At 91 years old, J.L. Hunter Rountree, known as “Red,” was caught red-handed robbing a bank, making him the oldest convicted bank robber.
After pleading guilty to robbing $1,999 (£1,243.08) from a bank in Abilene, Texas, USA on 12 August 2003, he was sentenced to 151 months in prison on 23 January 2004, which he served at the US Medical Center for Federal Prisoners in Fort Worth, Texas.
Unarmed, Rountree shuffled into a bank in Abilene, Texas, carrying two envelopes, one of which had the word “Robbery” written on it in red ink.
Wearing a blue baseball cap and a black long-sleeved shirt, he proceeded to the counter and handed the bank clerk both envelopes.
Rountree told the teller to stuff money into the other envelope, otherwise she would get hurt.
“I’d say, ‘Fill it with money and do it quick’,” Rountree said in a jail interview.
“And usually they do because they’re told at school to do what the robber says.”
After asking Rountree twice if he was kidding, the teller put the money into the envelope and Rountree then made off in a white 1996 Buick sedan, according to police.
But Rountree wasn’t kidding at all.
Thirty minutes later, he was pulled over by police on a highway about 20 miles (32 km) from the crime scene, after a bank employee noted the license plate of the vehicle.
“When they caught me, I was driving down the highway at 70 mph and saw the lights flashing behind me. So, I kicked it up to 90. They did too.”
“I slowed down and pulled over. The guy walked up beside the car with a gun in my face and said, ‘Get it out of the car.’ I said ‘take that damn thing out of my face. I don’t even own a gun. I’ve never owned a gun,” said Rountree.

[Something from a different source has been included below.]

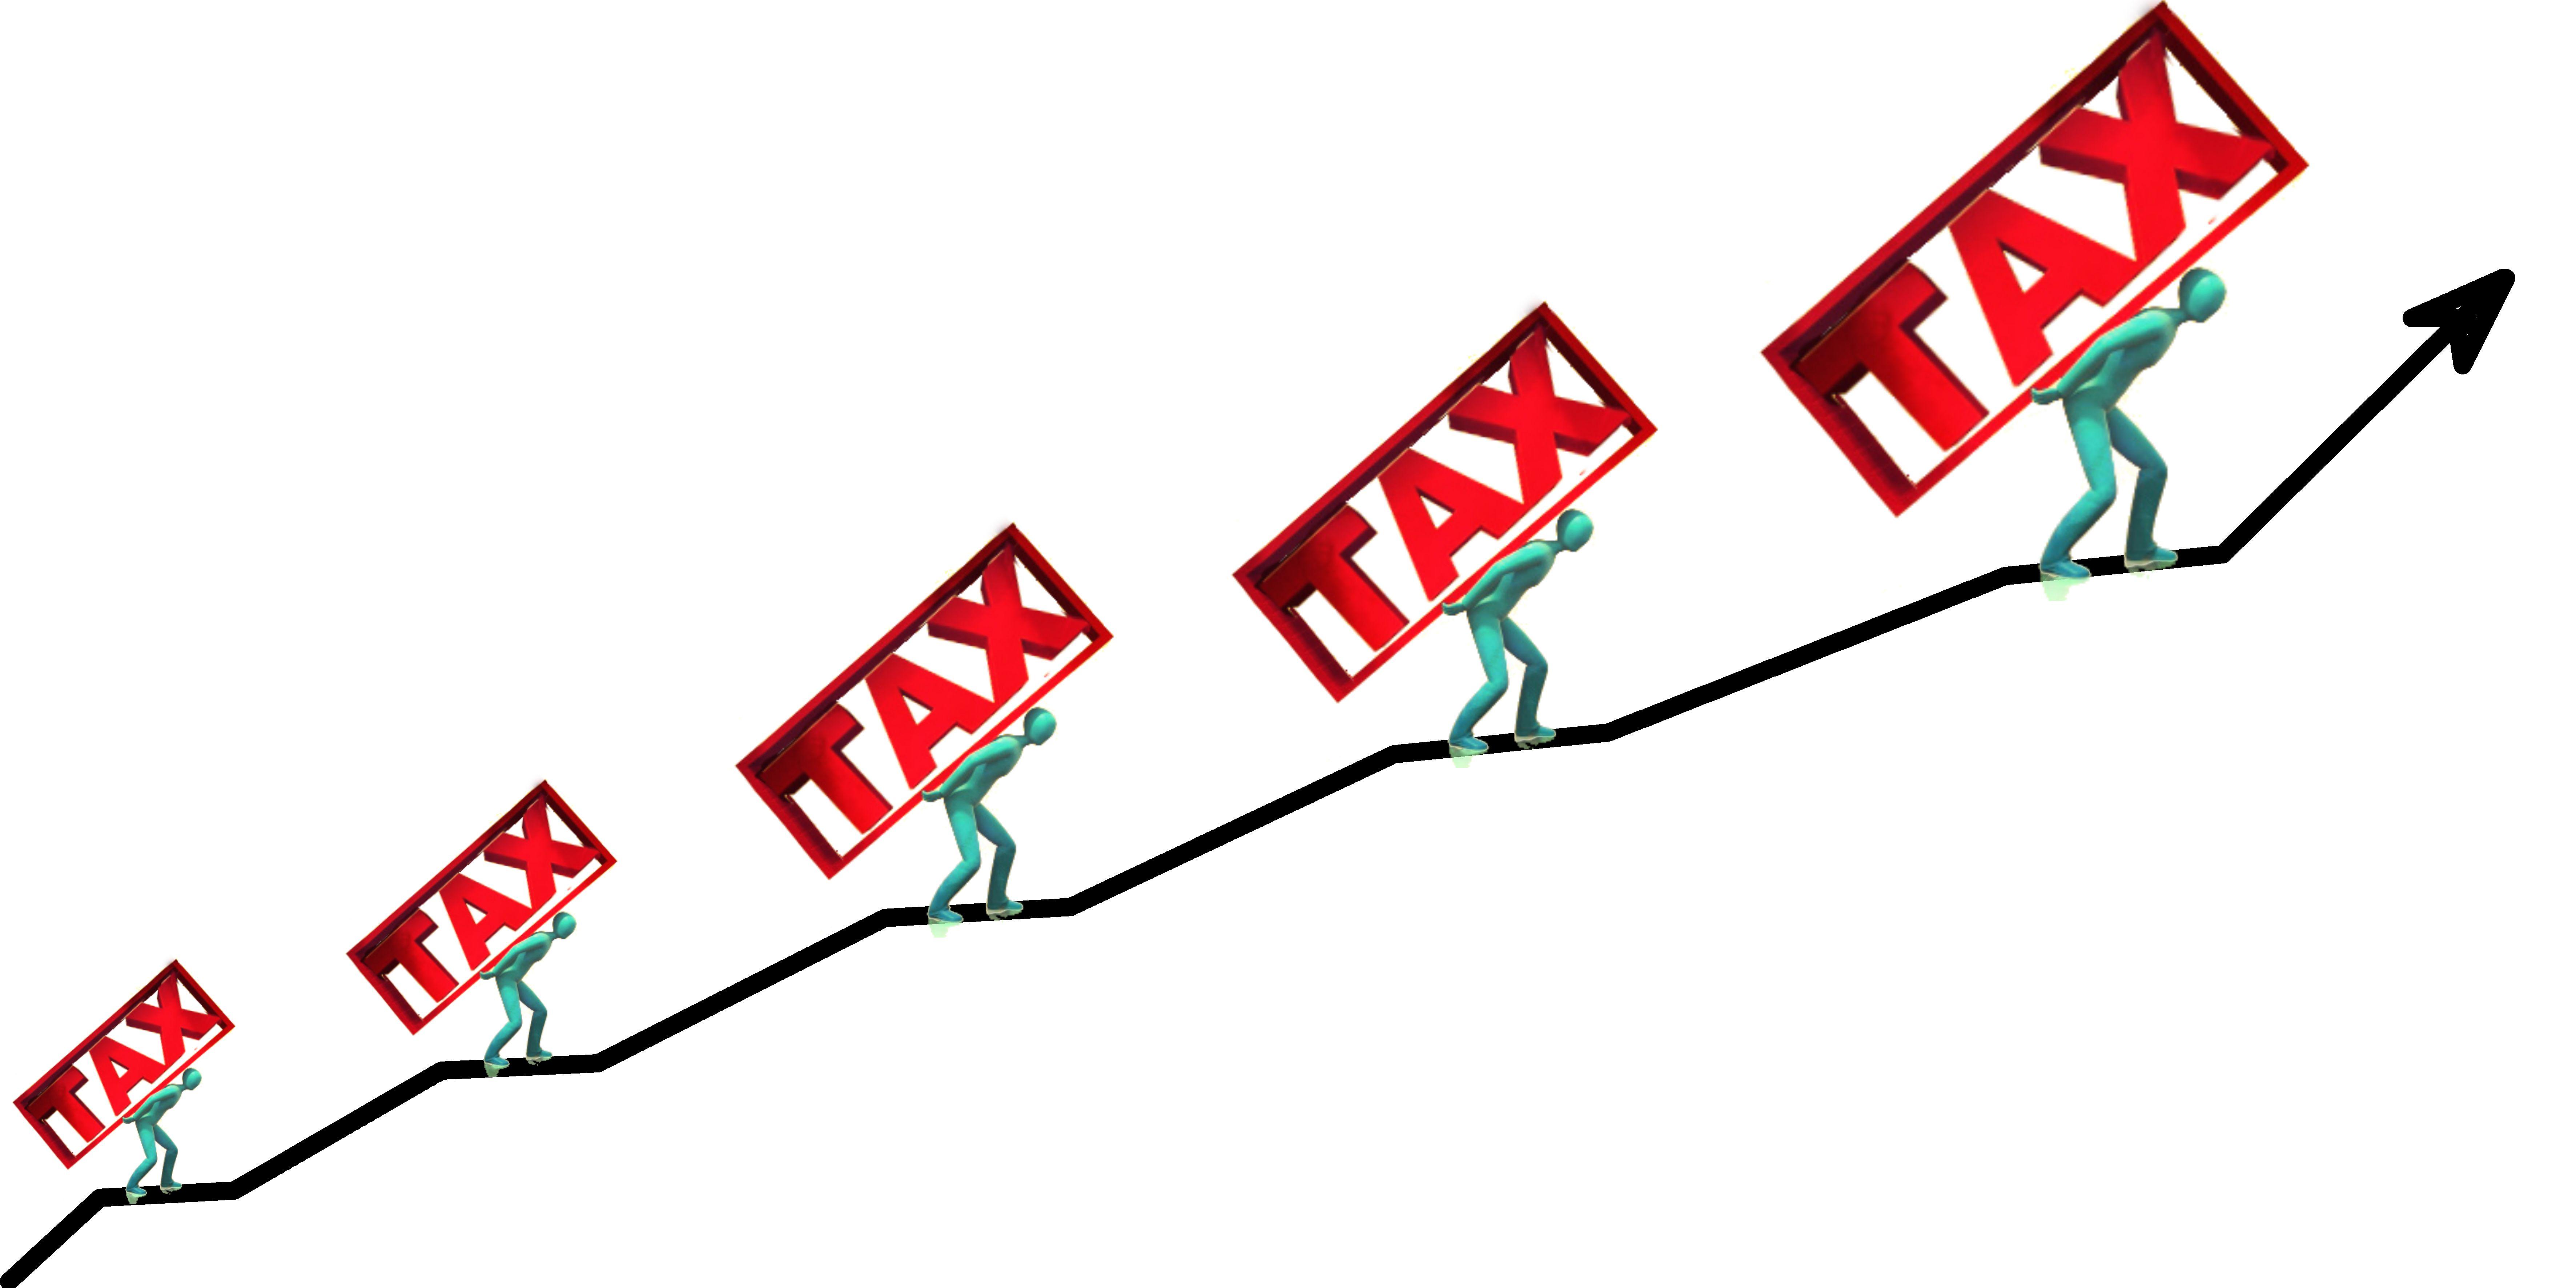 Aumentare le tasse  o eliminare gli sprechi?

Rountree’s method of operation was to place tape over his car’s license plate before a bank heist, but he didn’t do that the morning of the Abilene robbery.
“Oh hell, I’ll just hide the car. I didn’t do a good enough job hiding the car. When I walked out of the bank, I saw the Vice President of the bank. He saw me get into the car,” Rountree said.
Rountree said he robbed his first bank when he was about 80 as revenge against banks for sending him into a financial crisis.
He was also caught holding up a bank in Biloxi, Mississippi, in 1998 when he was 87, and given three years’ probation.
Then in 1999, Rountree robbed a bank in Pensacola, Florida, and served a three-year sentence as the oldest prisoner in the state.
Rountree said he had gotten away with a bunch of bank robberies and that his secret was “being smarter than the banker, and that’s not being very smart.”
Before falling on hard times, Rountree had been a businessman selling anchor chain winches for offshore drilling rigs in Texas.
After retiring, he was forced to find work again, when his retirement money soon dried up.
He began working for a Houston oil field supply business.
Shortly after, he bought a shipyard in Corpus Christi and pulled out a two-million-dollar loan for supplies to build boats.
But Rountree says the bank pulled the loans from underneath him, causing him to file for bankruptcy.
However, losing money was only the beginning of Rountree’s troubles.
His stepson was killed in a car crash, and his wife of 50 years eventually died of lung cancer.
Rountree turned to drugs and alcohol with a 31-year-old woman he met in a bar.
He married her, divorced a year later, and began his bank robbing spree at 82-years-old.
In a prison interview with the Orlando Sentinel in 2001, Rountree said, “A Corpus Christi (Texas) bank that I’d done business with had forced me into bankruptcy. I have never liked banks since.”
“I decided I would get even. And I have.”
He also told the paper that prison food was better than what was served at some nursing homes.
Rountree passed away at 92 years old at the US Medical Center for Federal Prisoners in Springfield, Missouri on 12 October 2004, and is buried in a cemetery near the prison.